I've tested this patch on the a dual socket Zen3 system
(2 x 64C/128T)

tl;dr

o I observe consistent regression for hackbench running
  smaller number of groups.
o tbench shows improvements for smaller number of clients
  but regresses for larger client counts.

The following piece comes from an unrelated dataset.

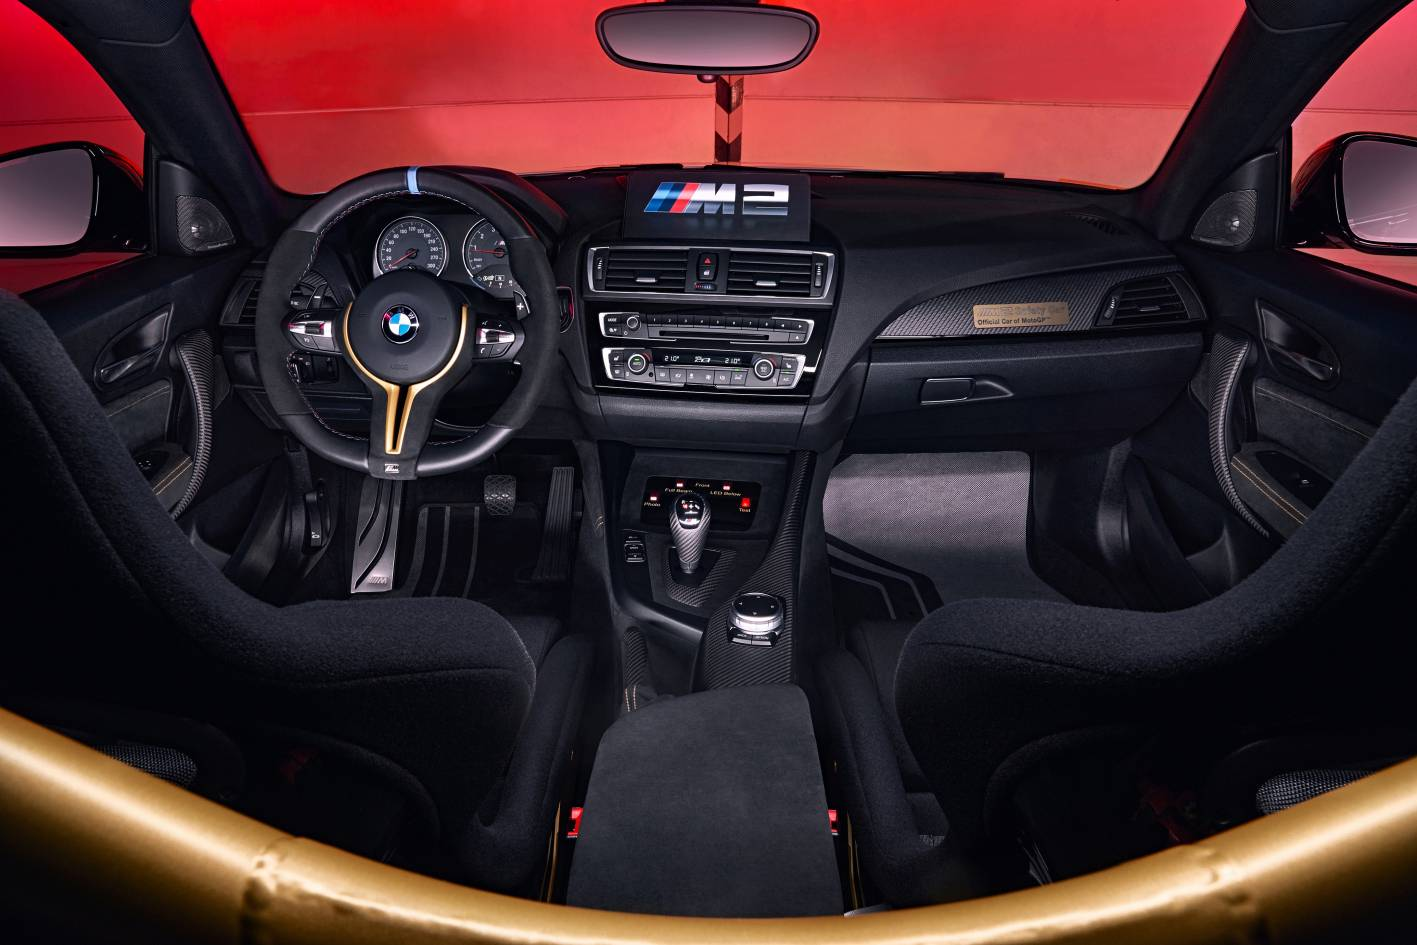 Bmw M2 Announced As 2016 Motogp Safety Car Forcegt Com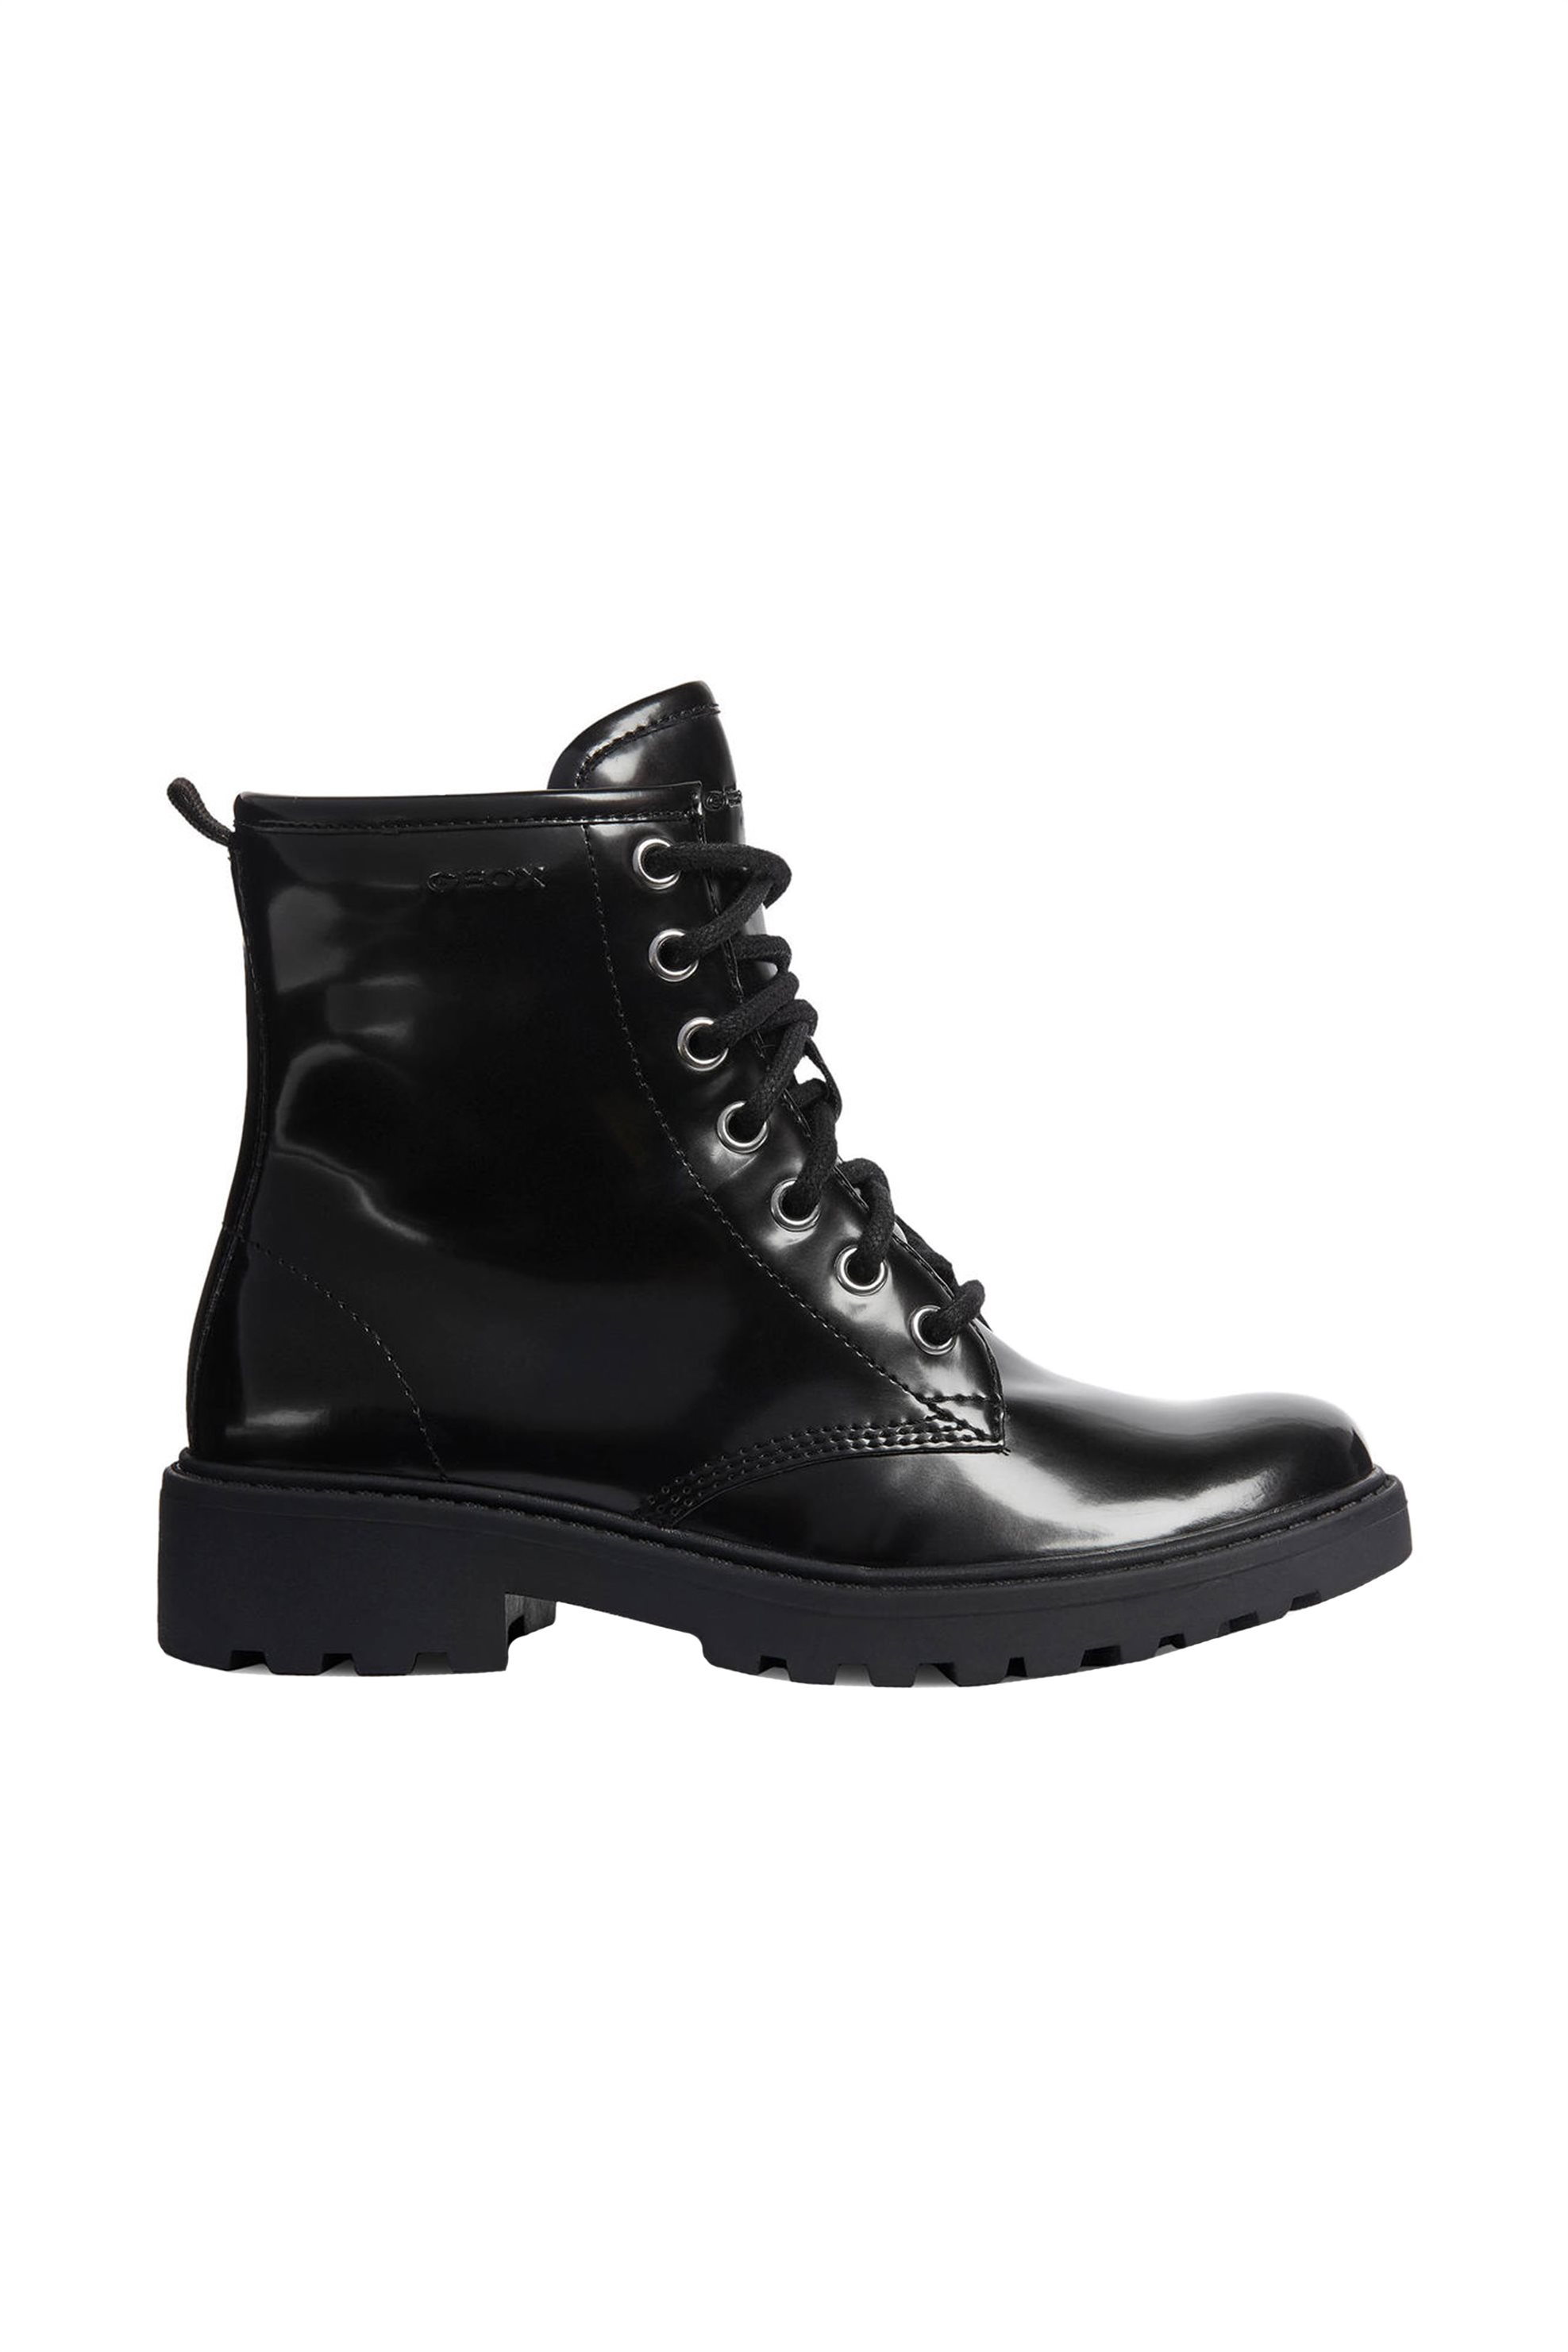 Geox μποτάκια παιδικά JR Casey - J5420K-1 - Μαύρο παιδι   παπουτσια   κορίτσια   μπότες

I'll leave the detailed results below:

On 10/28/2022 1:56 AM, Andrei Vagin wrote:
> From: Andrei Vagin <avagin@gmail.com>
> 
> WF_SYNC means that the waker goes to sleep after wakeup, so the current
> cpu can be considered idle if the waker is the only process that is
> running on it.
> 
> The perf pipe benchmark shows that this change reduces the average time
> per operation from 8.8 usecs/op to 3.7 usecs/op.
> 
> Before:
>  $ ./tools/perf/perf bench sched pipe
>  # Running 'sched/pipe' benchmark:
>  # Executed 1000000 pipe operations between two processes
> 
>      Total time: 8.813 [sec]
> 
>        8.813985 usecs/op
>          113456 ops/sec
> 
> After:
>  $ ./tools/perf/perf bench sched pipe
>  # Running 'sched/pipe' benchmark:
>  # Executed 1000000 pipe operations between two processes
> 
>      Total time: 3.743 [sec]
> 
>        3.743971 usecs/op
>          267096 ops/sec
>

Following are the results from running standard benchmarks on a
dual socket Zen3 (2 x 64C/128T) machine configured in different
NPS modes.

NPS Modes are used to logically divide single socket into
multiple NUMA region.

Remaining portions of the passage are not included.